SOPIR
SEDAN SIALAN
Gradak! Gradak! Sedan merah itu
menyerempet bagian belakang motorku.
Motorku oleng. Aku terjatuh. Untung tak sampai terlindas kendaraan lain.
Pertigaan Jalan Veteran sangat macet siang itu.
Pengemudi mobil itu hanya membuka kaca
sebelah kirinya dan menatapku sekilas. Tak ada satu kata pun ia ucapkan.
Setidaknya untuk menyampaikan permohonan maaf.
Aku segera bangkit dan menegakkan
motorku kembali. Beberapa pengendara motor berhenti sejenak dan menanyaiku
dengan penuh simpati.
“Gak papa tah Mas?”
Aku tersenyum dan menggeleng sambil mengacungkan jempol.
Kalau boleh jujur, sebenarnya aku ingin sekali mengumpat sopir sedan merah itu.
Tapi bagaimana mungkin, di antara para pengendara motor yang melihat nasib
tragisku itu ada seorang cewek yang dulu pernah mengejar-ngejar aku. Sangat
tidak mungkin bagiku menunjukan wajah sedih di hadapannya. Dia pasti masih
ingat kata-kata penolakanku yang kusampaikan pda teman-temanku.
“Aku? Ditaksir Jessica? Mending disosor
sama bemper mobil calon mertua.”
Jangan-jangan aku kualat. Bukankah doa
gadis sejelek Jessica itu manjur?
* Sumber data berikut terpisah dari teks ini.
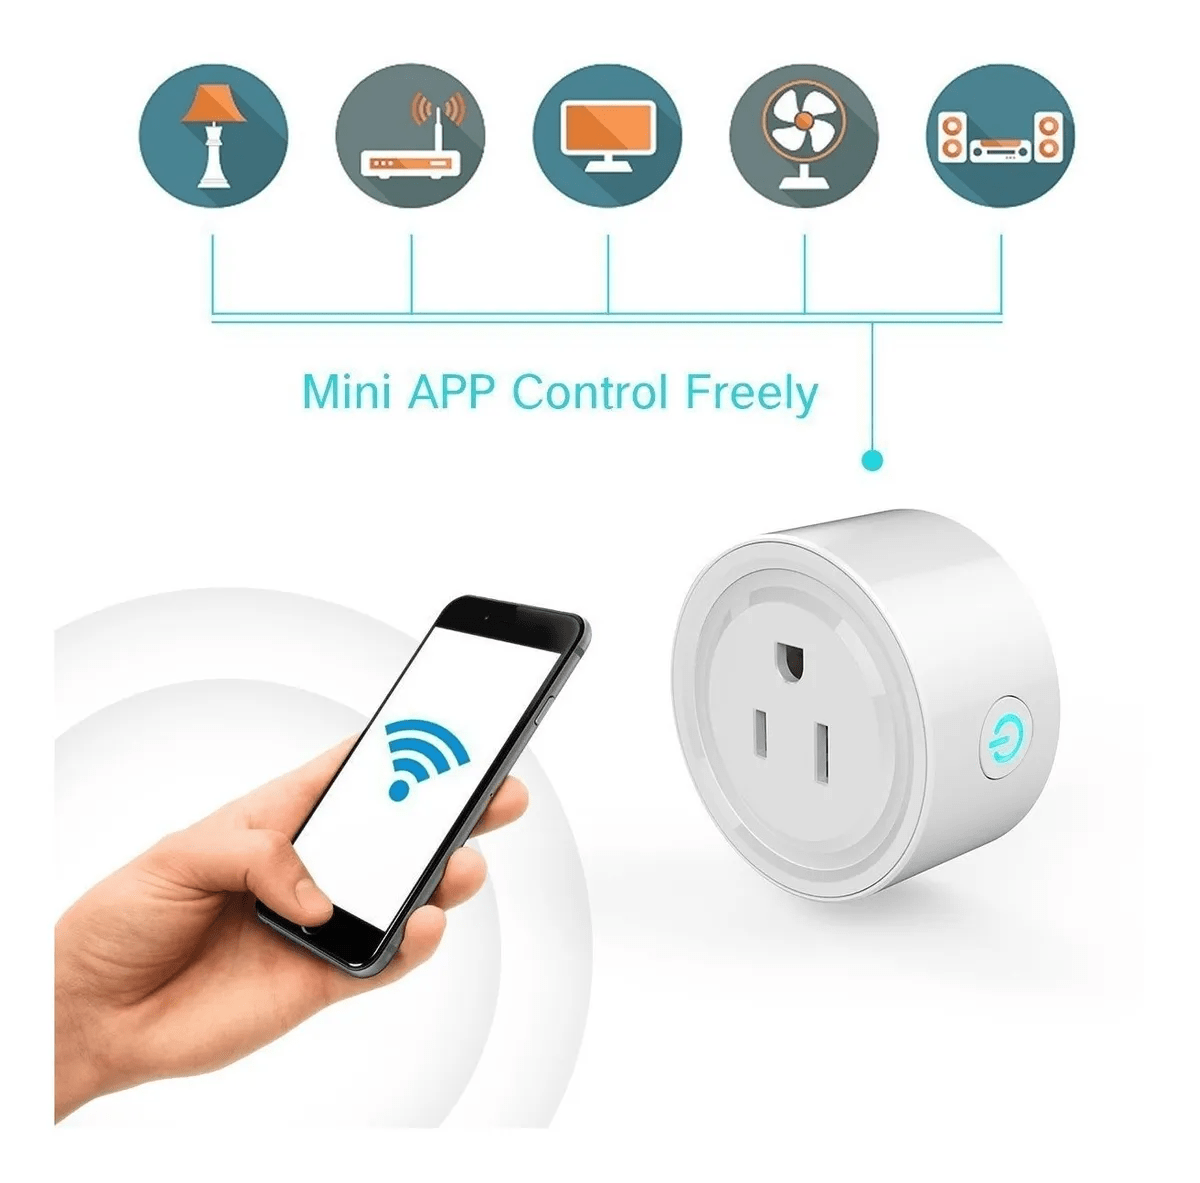 Enchufe Inteligente Smart Wifi Mini con Google Home Assitant y

Maklum dia sering sekali dijadikan bahan
tertawaan karena tubuhnya yang tambun dan kulit hitamnya. Anehnya, dia pede
luar biasa.
“Kamu gak papa kan, Zam?” suara Jessica
di antara raungan motor matiknya yang sudah dimodifikasi.
“Gak papa,” kataku sambil berpura-pura
baik-baik saja. Padahal, sumpah jempol kaki kananku perih banget.
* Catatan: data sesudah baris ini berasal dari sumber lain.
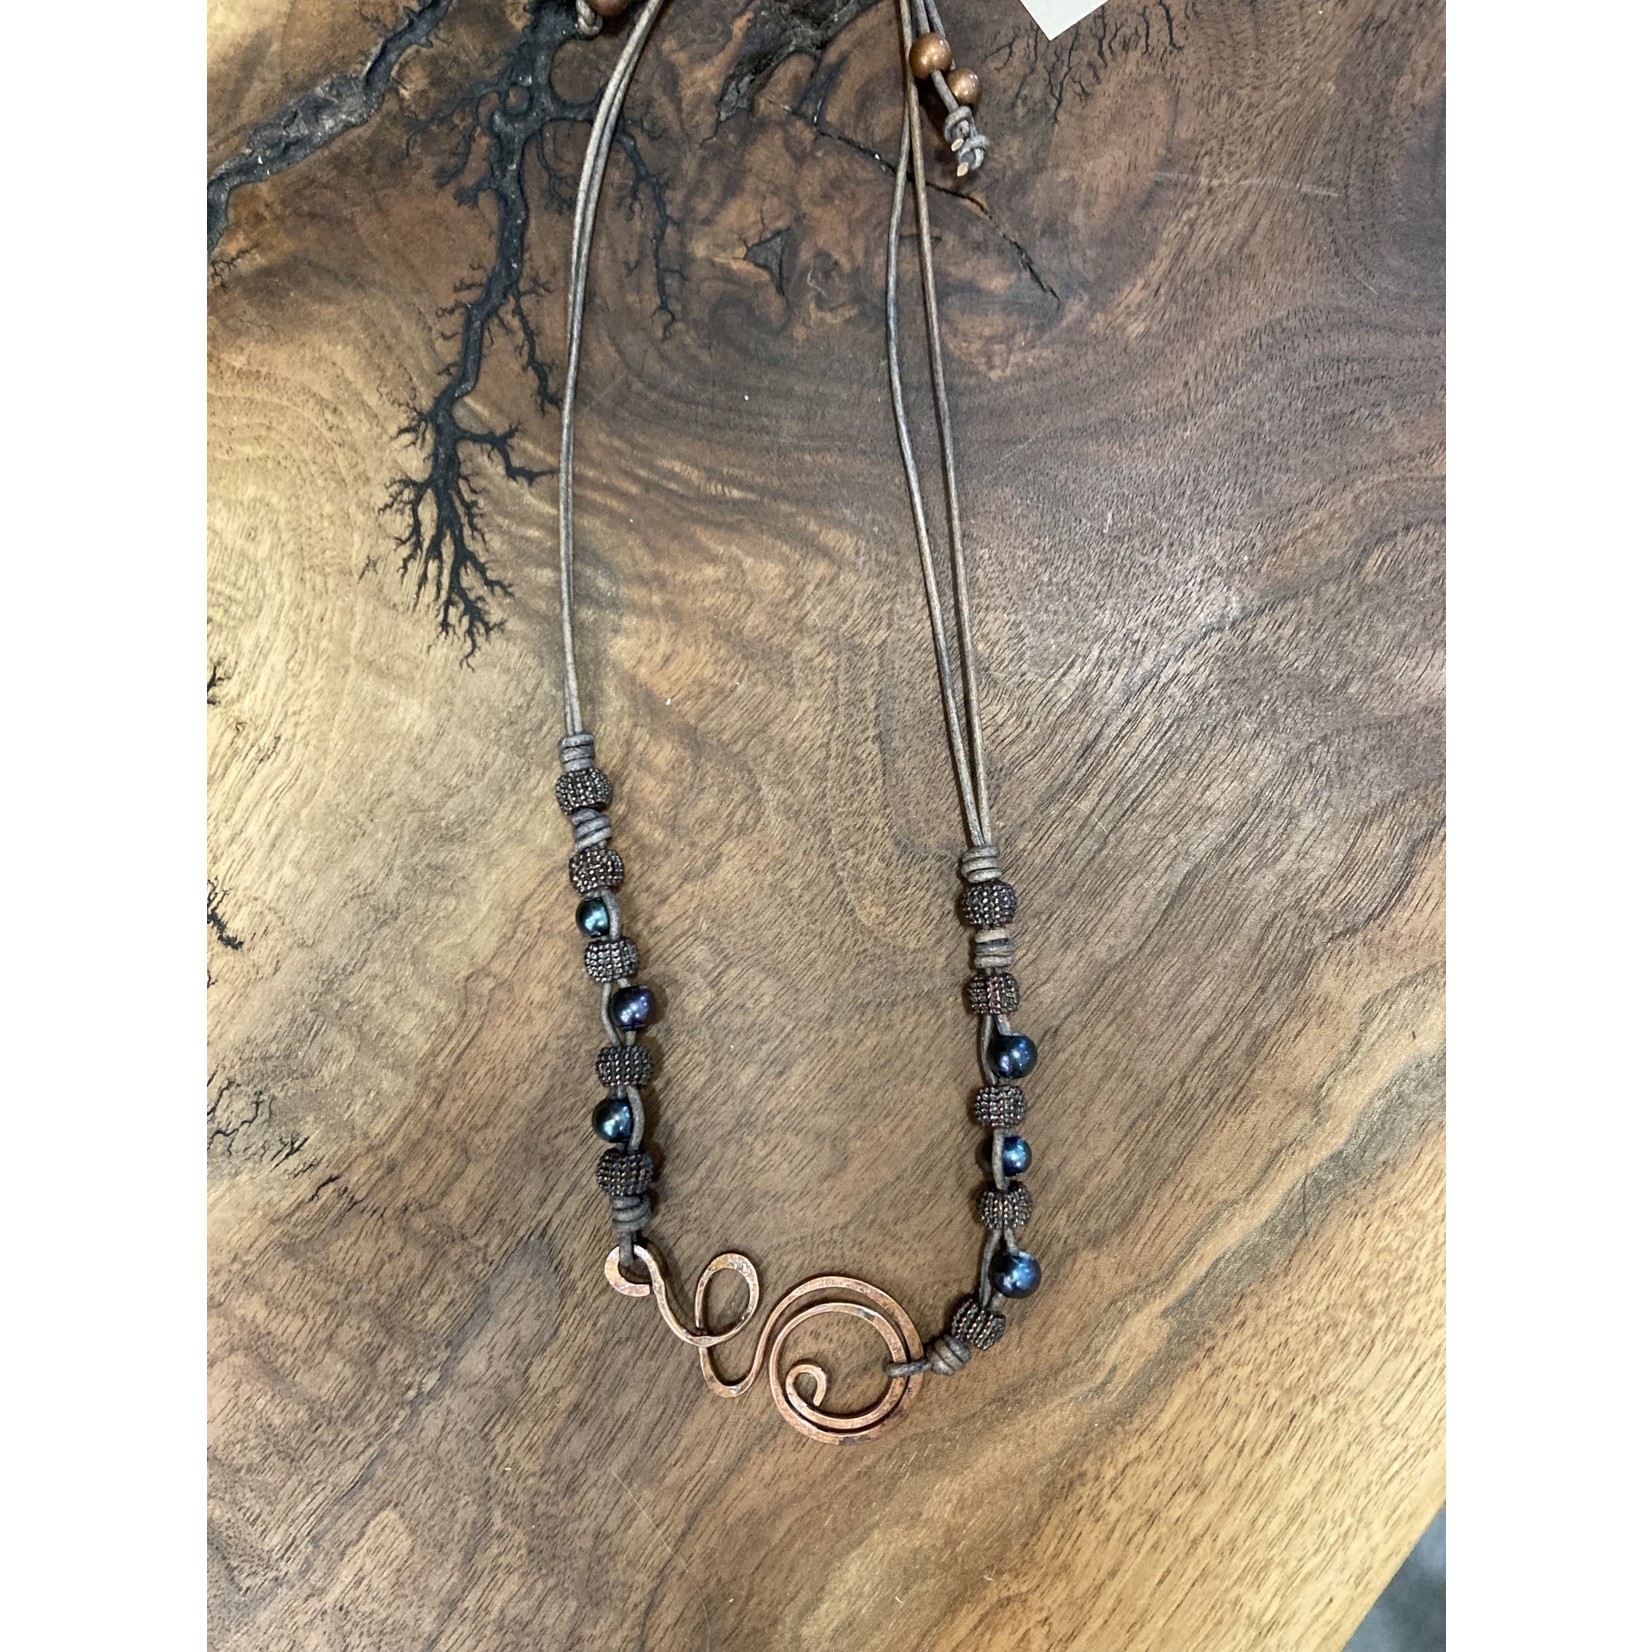 Julia Jones JMJ Designs 1022-20 Copper swirl Necklace on leather w. Pearls

Melihatku berdiri tegar dan sama sekali
tak terluka, Jessica kemudian meninggalkanku. Sama seperti sopir sedan merah
tadi, semua orang tak peduli. Mereka melanjutkan perjalanan.
Sambil menahan rasa sakit di kaki,
kuhidupkan motorku. Kulihat sekitar enam puluh meter dari posisiku terjatuh,
sedan merah yang menabrakku terhenti di perempatan lampu merah. Hm, jarak yang
masih mungkin bagiku untuk mengejar sedan itu. Memang sih motorku tak rusak dan
tak ada luka-luka di tubuhku. Tapi, menabrakku dari belakang kemudian kabur
begitu saja tanpa minta maaf, apalagi memberi pertolongan padaku yang terjatuh,
Oh… sungguh perbuatan yang tak dapat
kumaafkan.
Bener-bener sopir sialan, gerutuku dalam
hati.
Aku nekad menerobos di sela-sela mobil
dan motor yang bergerak pelan.
Jalanan di depan Matos hingga perempatan
kampus selalu macet tiap hari. Apalagi kalau hari Minggu atau hari libur. Jarak
motorku dengan sedan merah itu tinggal 15 meter ketika lampu hijau menyala.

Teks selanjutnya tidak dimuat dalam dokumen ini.